The first was telling Lorraine and JE about the e-mail I received yesterday from XE, the high school student who had moved to Halifax from Beijing three years ago and who had just heard of the substantial scholarships she had been awarded by Dalhousie.  It doesn’t really make sense that it would affect me this way; after all, she had worked so hard, completing pre-IB in her first year here, doing IB A1 English in her second year, and taking every suggestion I gave her and applying it assiduously to her next assignments.  XE was an utter treat to work with that whole year, and I always looked forward to our after school sessions, the serious brightness of her attention and presence, the slippers they gave me to wear, and the huge mug of green tea that her dad kept refilling for me as we worked.

Helping  XE with her scholarship application letters, I came to know a little more about her and what the family had left behind when they brought her here to complete high school and apply to university.  It was that knowledge combined with the experience of helping her navigate a course that was difficult for native English speakers that flooded up in me when we parked the car in front of JE’s house and I started to tell them about the scholarship awards.  JE caught my eye in the rear view mirror and told me it was OK, and it was, but it still took me more than a minute to be able to actually say the words without choking up again.  When we crossed the street to the house, I felt a tear rolling down my left cheek and smiled at the thought of XE beaming with happiness.

The second happened a while later when Lorraine was reviewing the images she had got last night out on the Welland Canal spit.  It was a perfect evening for it with a sky that had cleared off through the afternoon and a wind that had dropped to nothing.  She and JE drove out the Seaway Haulage Road and then hiked out the spit to the small cove that was formed near the end.  She set up the camera while he gathered a collection of flat stones for skipping and slitting the devil’s throat. 
 
He stood where she told him to right at the edge of the flat water that had just enough residual wave action that it seemed to be breathing and skipped rocks out toward the gap between the lighthouse on one side and the Niagara River point on the other.  The night was perfect and the rock’s impact curled up the still surface and sent out a widening circle every time it touched down and then skipped ahead to touch another time and another.  The serious focus and beauty of JE’s stance and throw and the breathtaking poetry of each skip captured so lovingly by Lorraine brought the same welling up in my eyes and constriction in my throat.

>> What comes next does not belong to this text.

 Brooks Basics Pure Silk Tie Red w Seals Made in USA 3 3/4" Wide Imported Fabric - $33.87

That’s really all, a couple of occasions that made me so happy that I couldn’t speak.  Don’t need any more than that to make it a good day.


Sunday, April 24, 2011

Easter Sunday, 2011

It is Easter Sunday and we are in Ontario.  As Nova Scotians we don’t necessarily love Ontario, but people we love live here and so we come to see them.  And to see parts of Ontario we've never seen.

This morning we woke up in Long Point in a rented cottage right next to the Long Point Provincial Campground and just across the road from high sand dunes and a pathway to a huge sand beach on Lake Erie.  It’s a beautiful spot, the beach mostly empty now because it’s mainly a summer resort area, and we were able to walk kilometres without seeing more than one or two others all along the shore.

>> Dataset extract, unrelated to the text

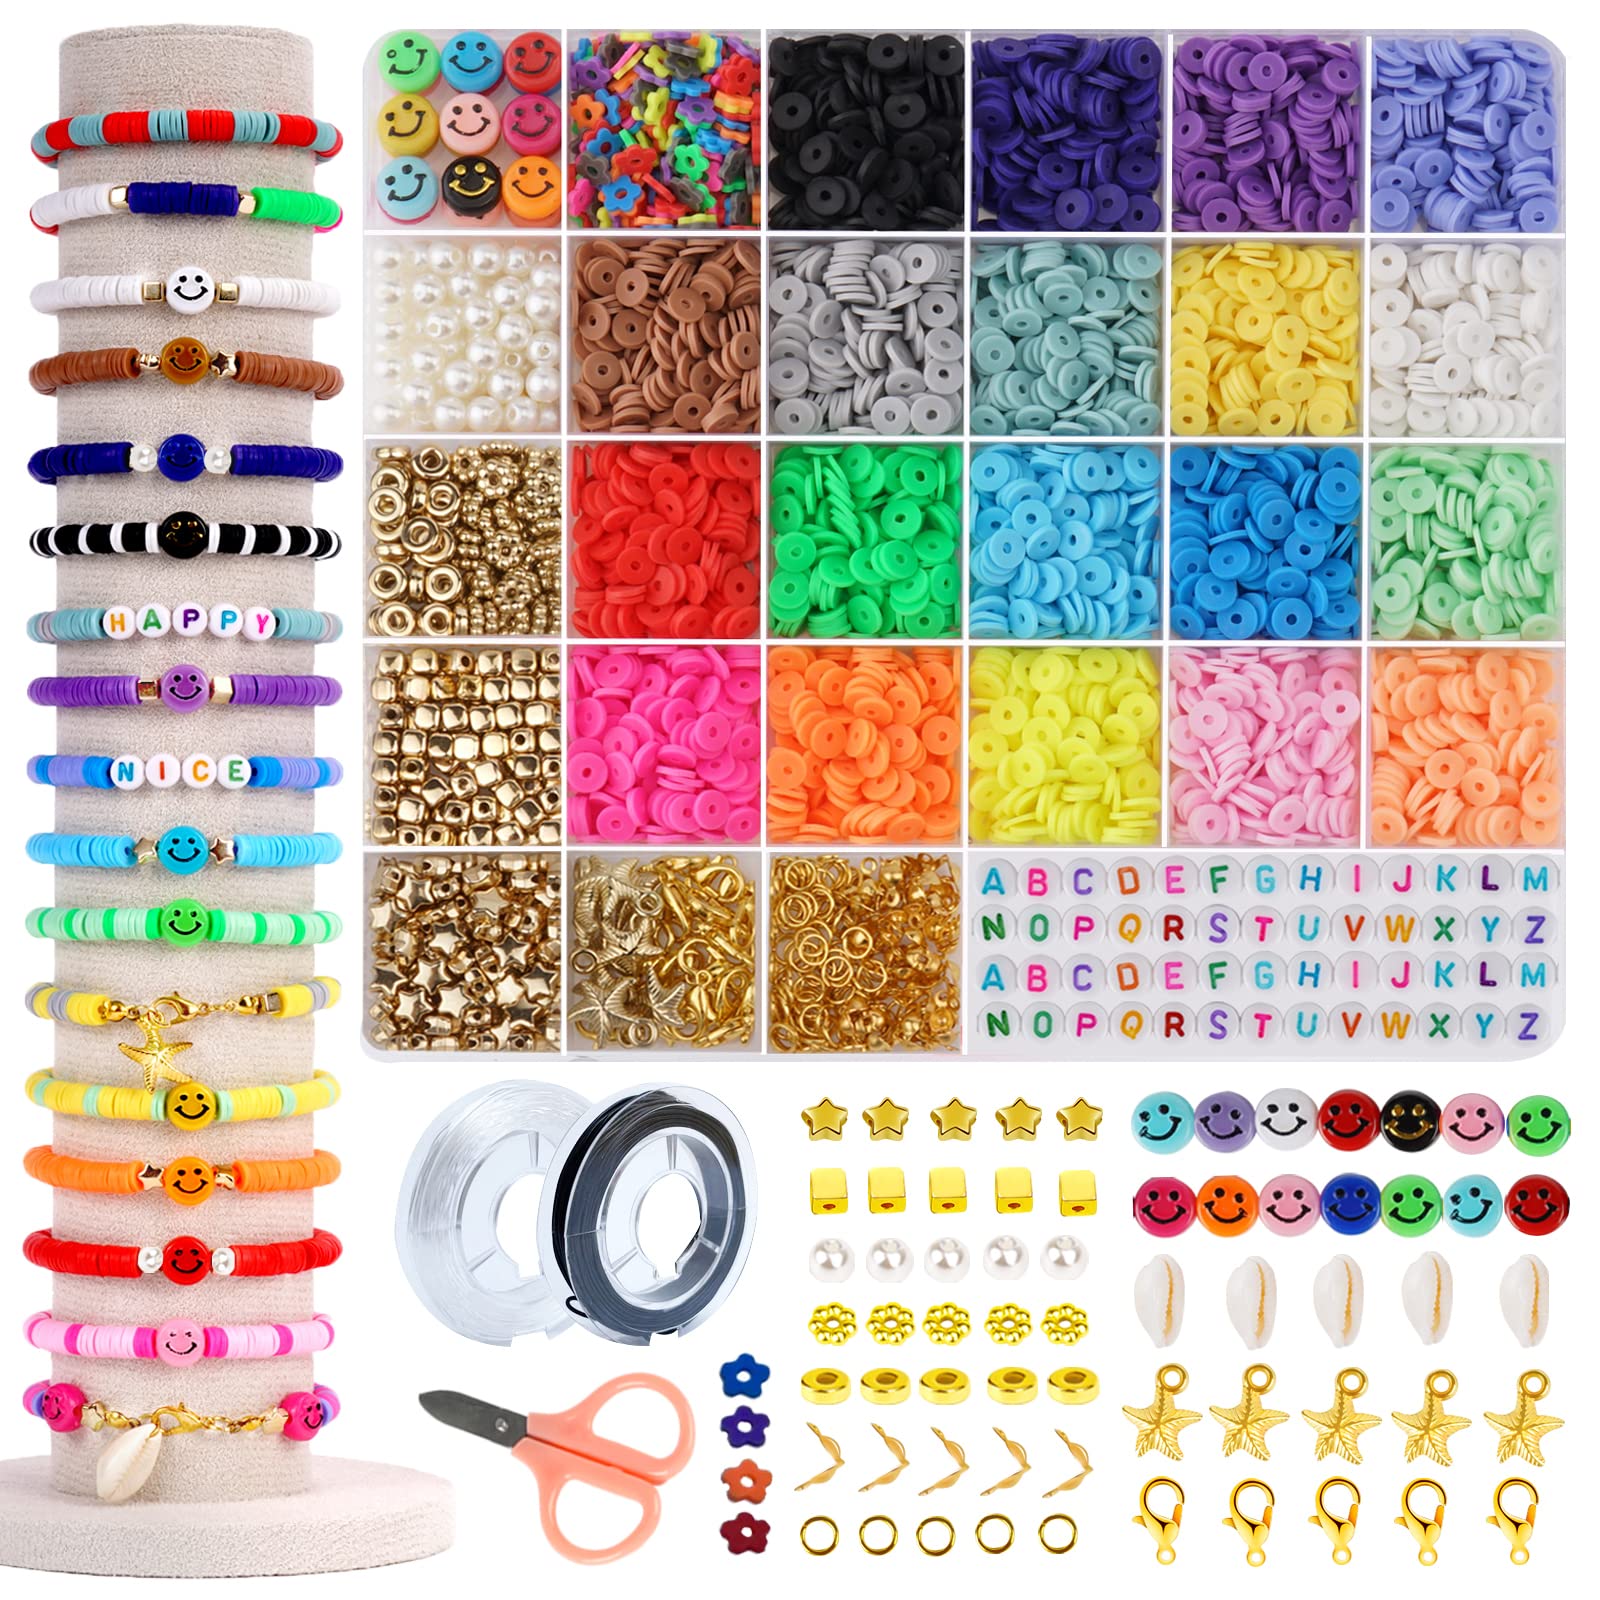 China Factory Handmade Polymer Clay Beads Strands, with Seed Beads

Lorraine did some photographing there.

The dunes were lovely with variegated shades of sand and trees growing right through them.

E. and I. were walking up ahead as the lake fog rolled in.

There were wet marshes behind the beaches that the birds loved, soldier blackbirds everywhere.

Back in St. Catharine’s small flowers were blooming in the garden.

And on the front walk.

A squirrel watched M. and me from a tree branch.

She worked on another picture out on the sidewalk.  And then the Ontario sun started to set and she had a bath and went to bed.


Wednesday, March 2, 2011

This is the this

It is, as some of you know, my birthday today, and I am now 66.  It is important to me not just because I am beginning my 67th year today, but also because of this.  What this, you might well ask.  Well, this is the this, this page I am just now composing and will some time through the day today post on my blog so that you, whoever you are and wherever you might be, can read it if you choose.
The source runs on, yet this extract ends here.